Copy the listing as it is written, and leave each picture out.

● **Provided data**

•••••

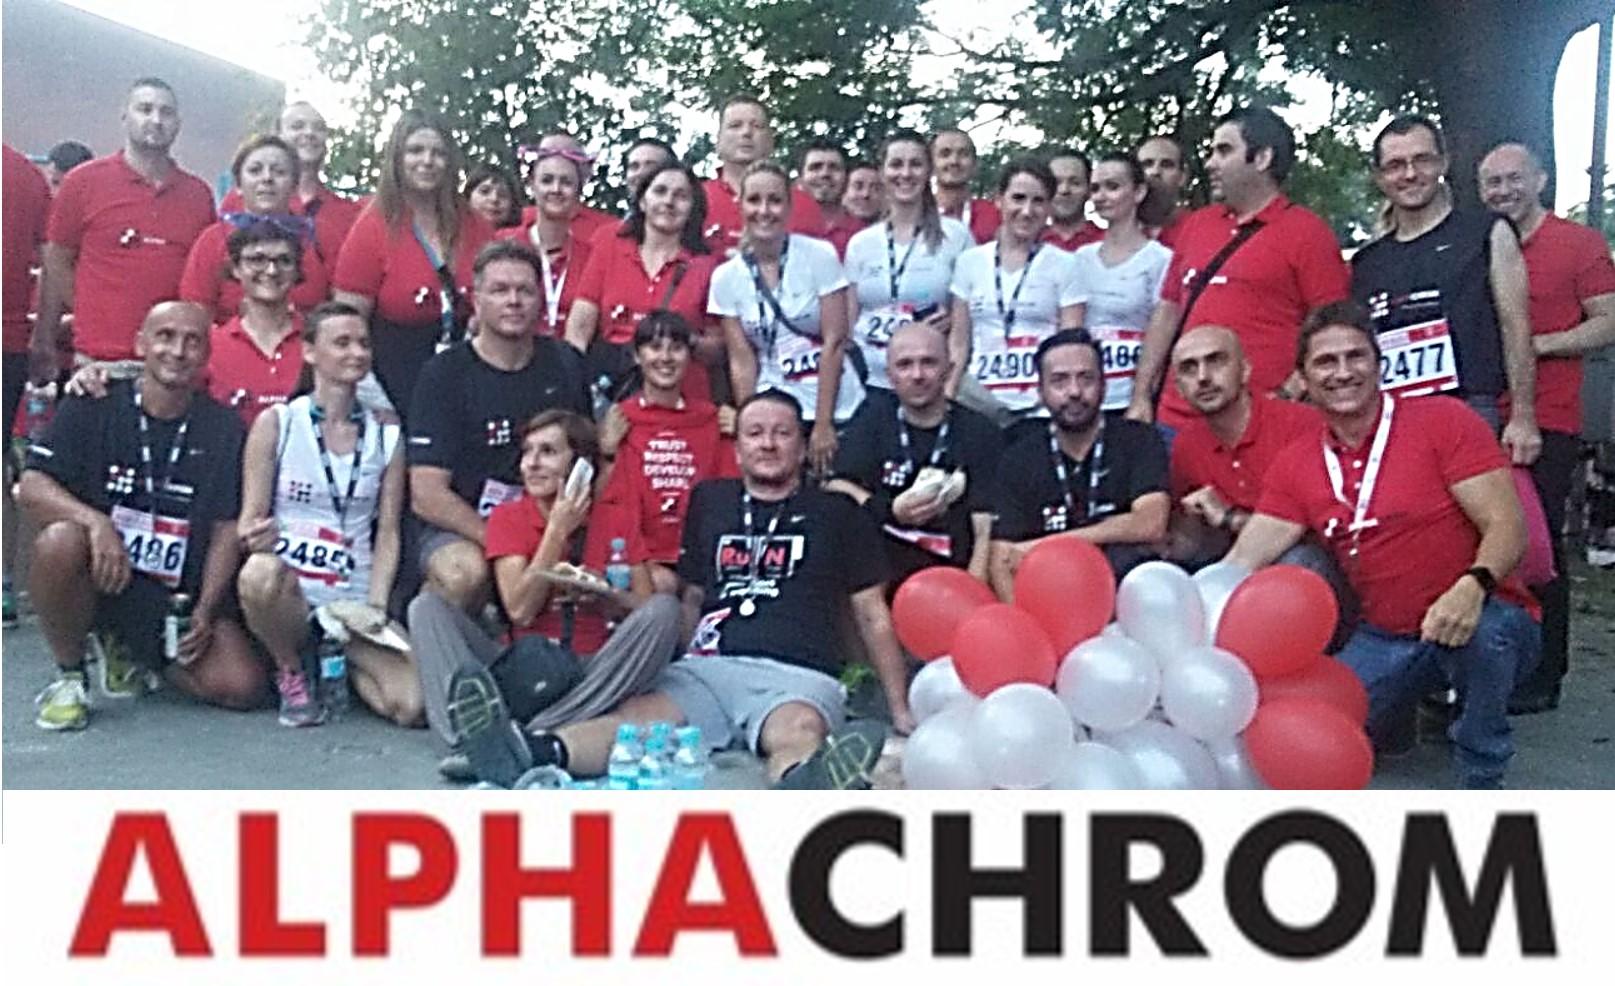 alphachrom
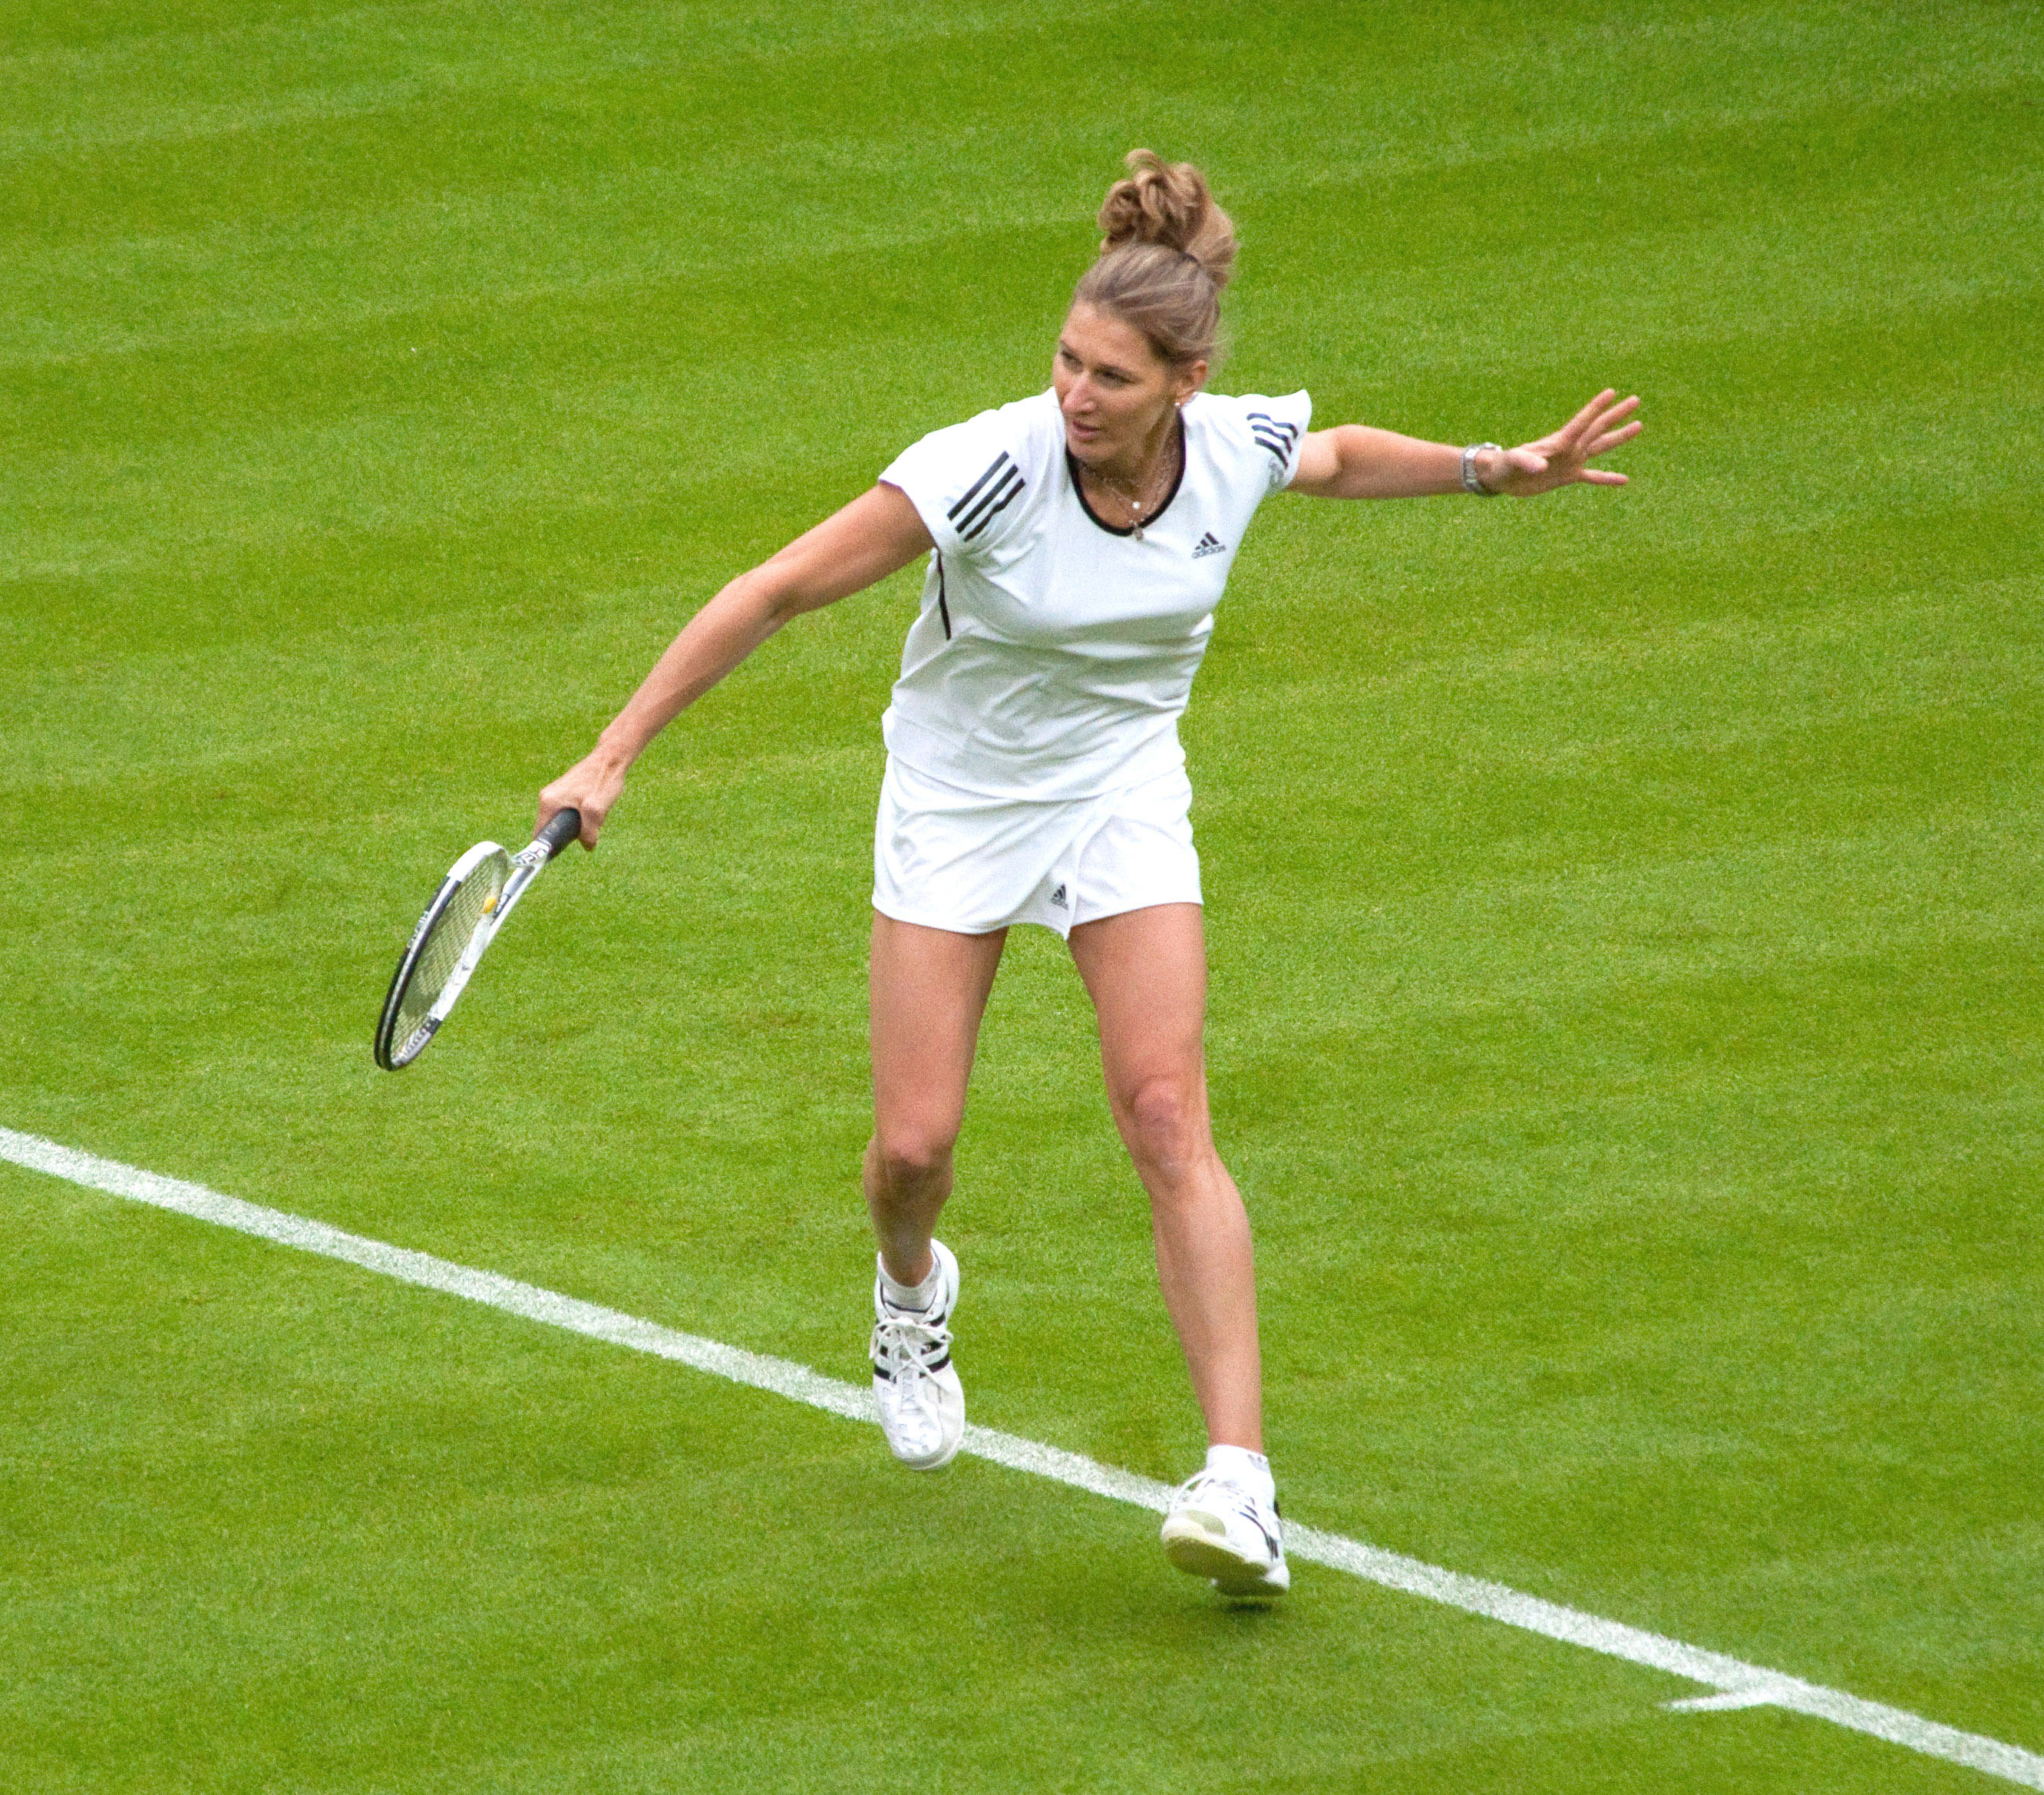 File Steffi Graf Wimbledon 2009 11 Wikimedia mons
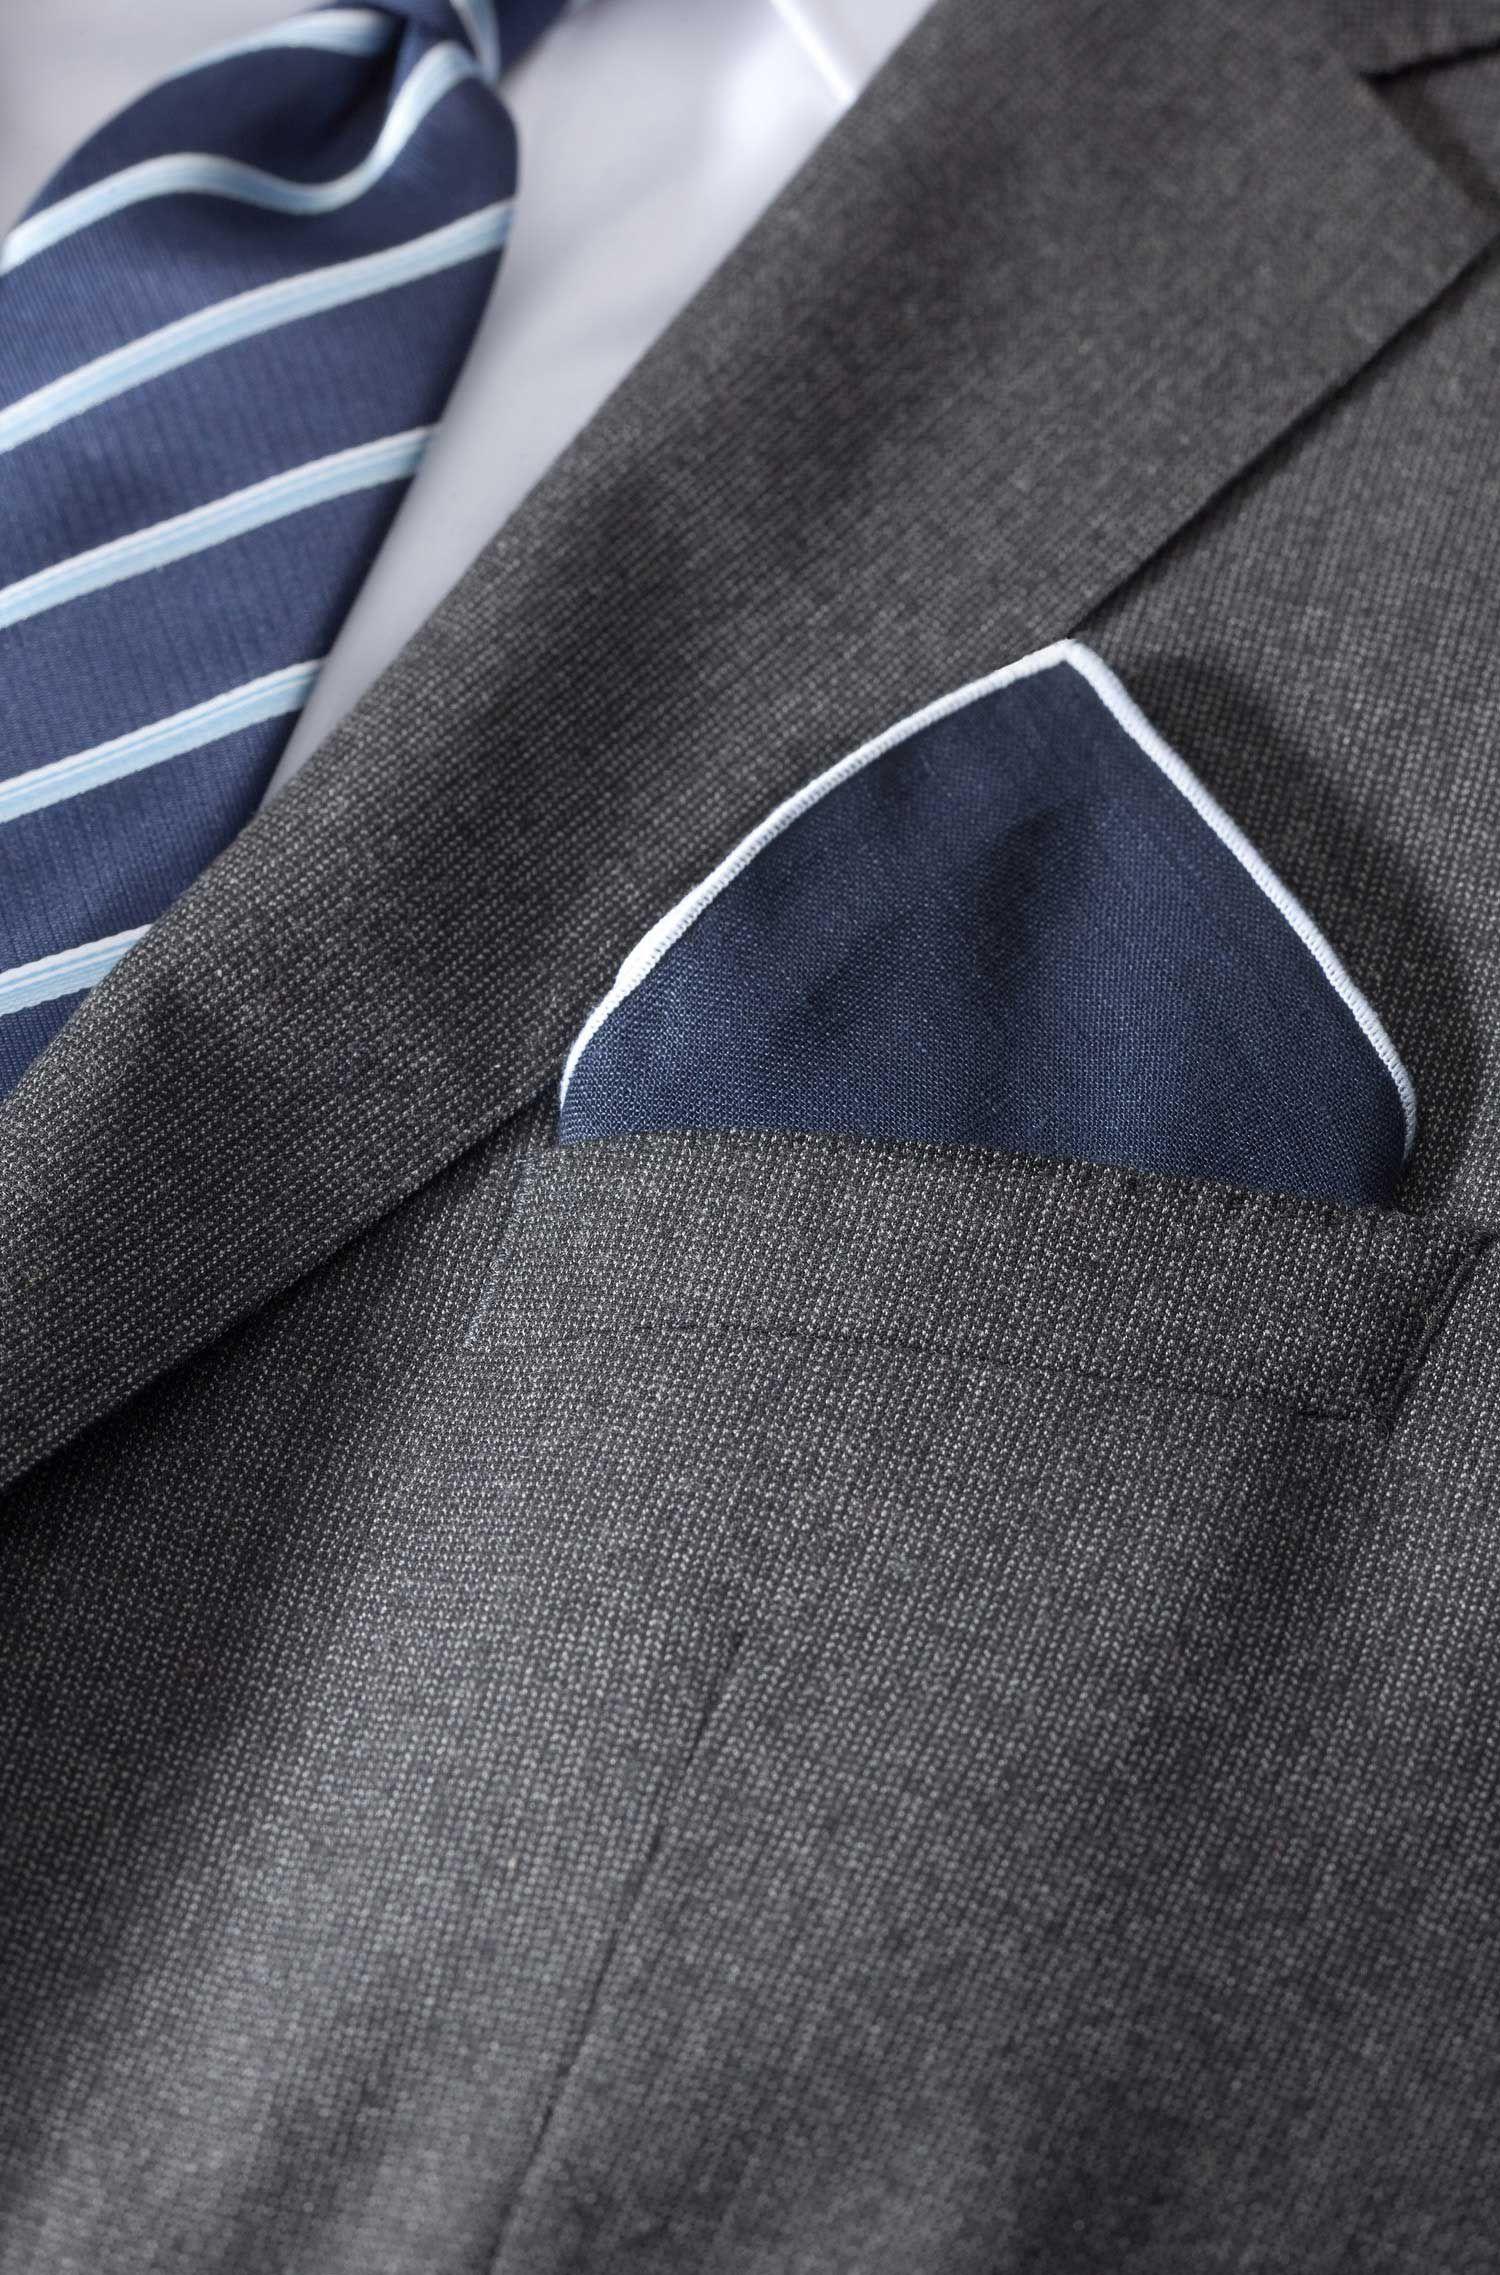 Pochette en lin, Pocket square 33x33

•••••

● **Expected output**
 alphachrom
 File Steffi Graf Wimbledon 2009 11 Wikimedia mons
 Pochette en lin, Pocket square 33x33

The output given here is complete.